In the not-too-distant future, a mysterious power outage has left the United States (and possibly the world) without any power whatsoever. As the blackout turns from days to months, sisters Nell (Ellen Page) and Eva (Evan Rachel Wood) are forced into fending for themselves at their father’s slowly crumbling home in the middle of the woods. With precious little gas, few people around (or at least ones they would want contact with, anyway) and almost no news of the outside world, pragmatist Nell and passionate Eva have to overcome sometimes violent disagreements and hardships to survive.

Based on the Jean Hegland novel, Into the Forest is the first theatrical feature from Canadian filmmaker Patricia Rozema since 2008, and while it isn’t exactly a full-on return to form, it’s a well acted, gorgeously shot, and often interesting take on a rather tired and clichéd sort of post-apocalyptic fable.

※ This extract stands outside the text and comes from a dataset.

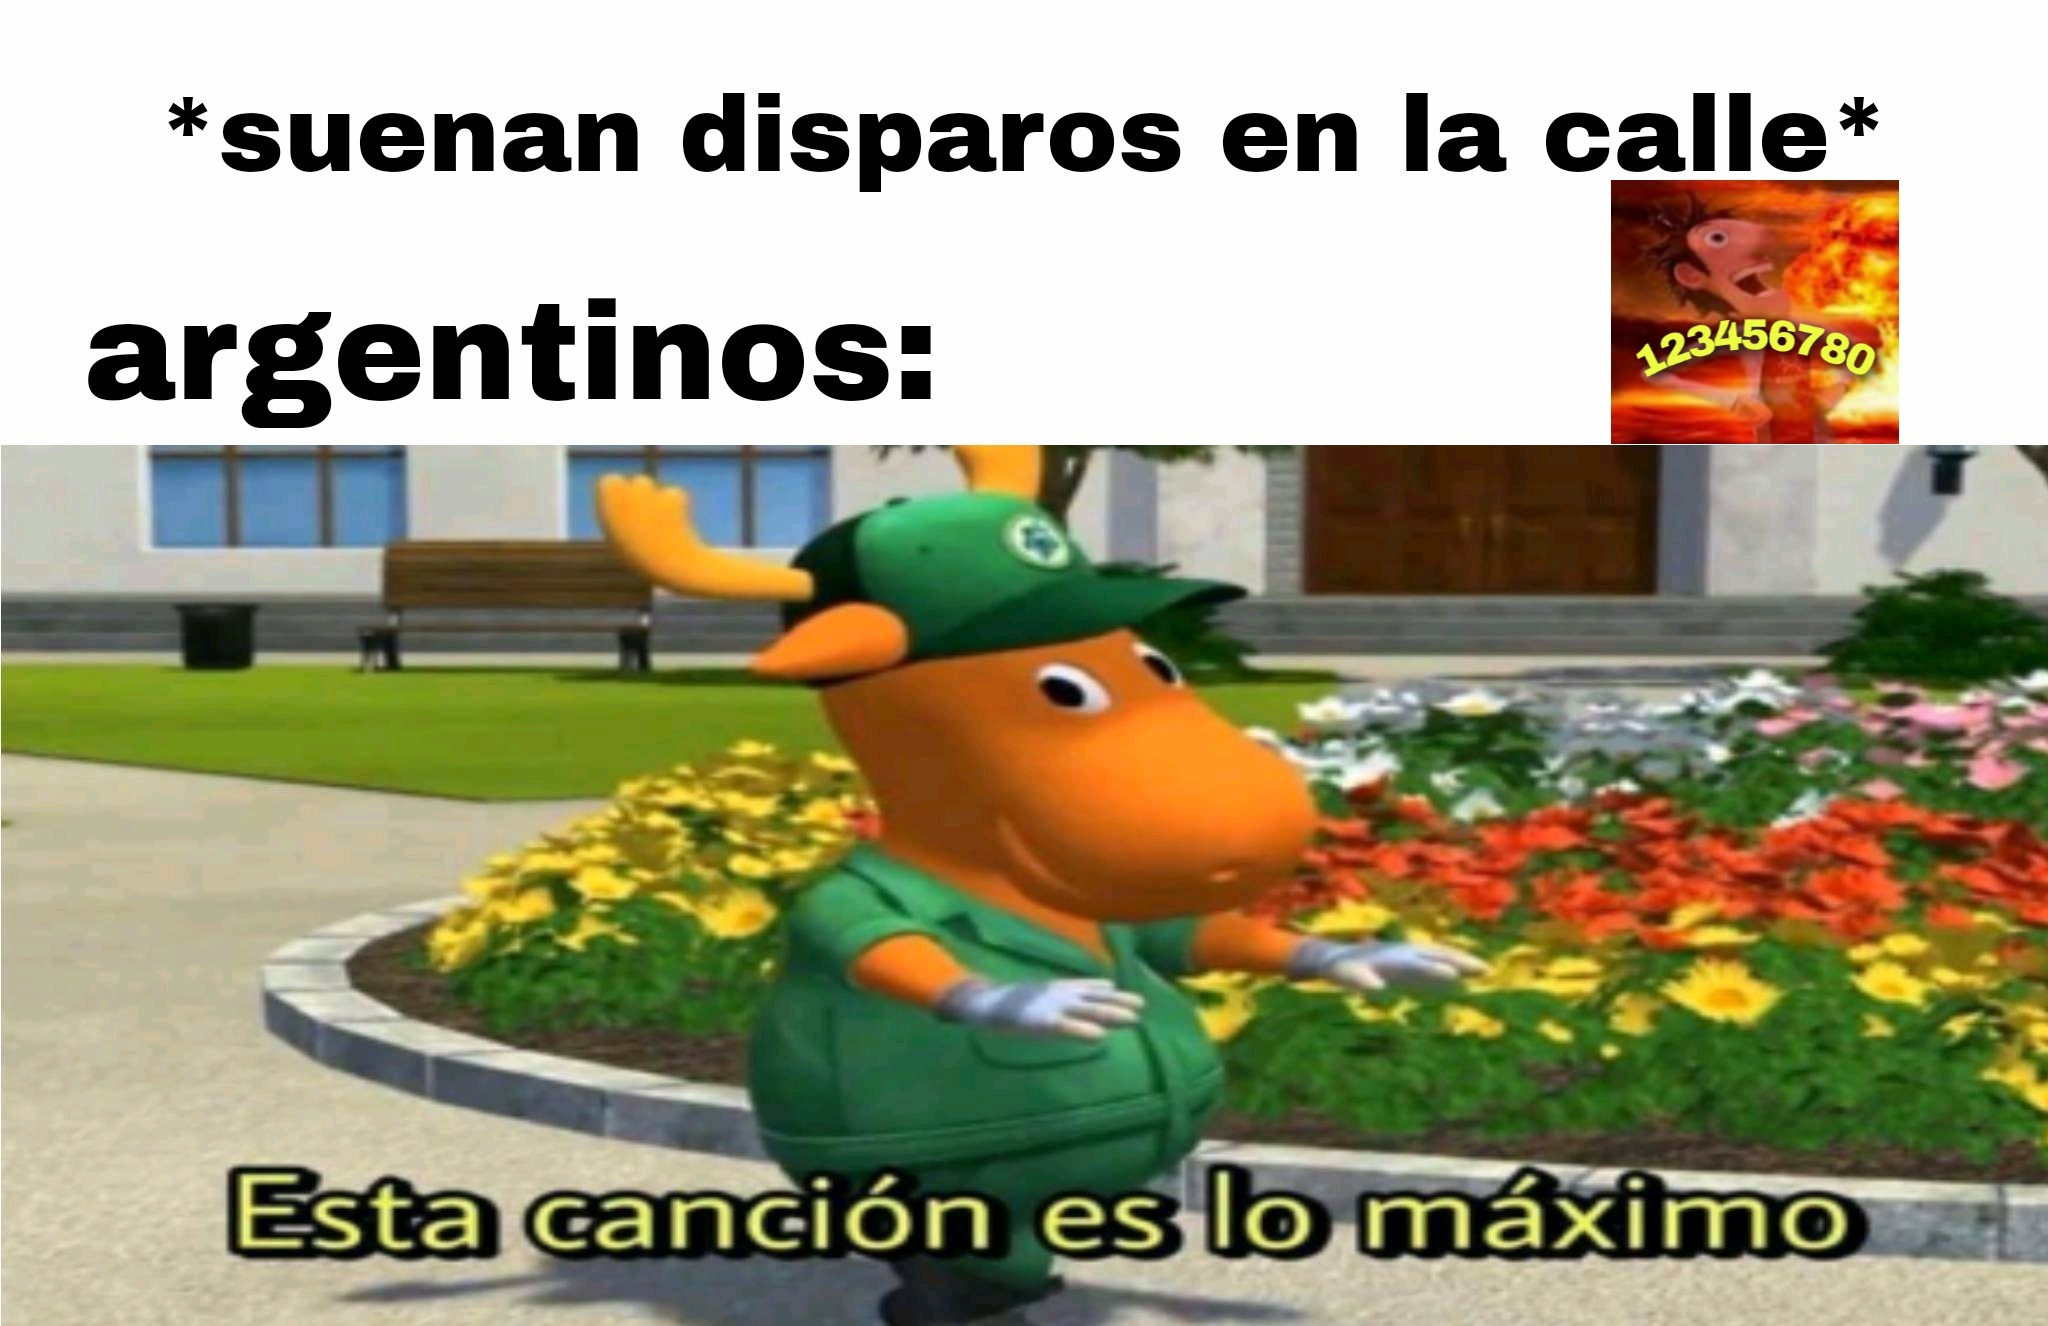 Buenarda la cancion - meme

The film functions best as a look at humans trying to maintain civility and rationality in a crisis, and the fact that the story comes from the viewpoint of two strong-willed female leads goes a long way. The chemistry between Page and Wood often saves the movie from some of Rozema’s more suspect choices.

It’s quite a predictable affair, and most of the time it feels like the audience is simply waiting for the other shoe to drop, but with the exception of a few moments, Rozema and her leads keep things on track and consistently engaging.




















Is Into the Forest essential festival viewing?

It’s not perfect, but it’s a fine addition to the usually testosterone driven post-apocalyptic genre.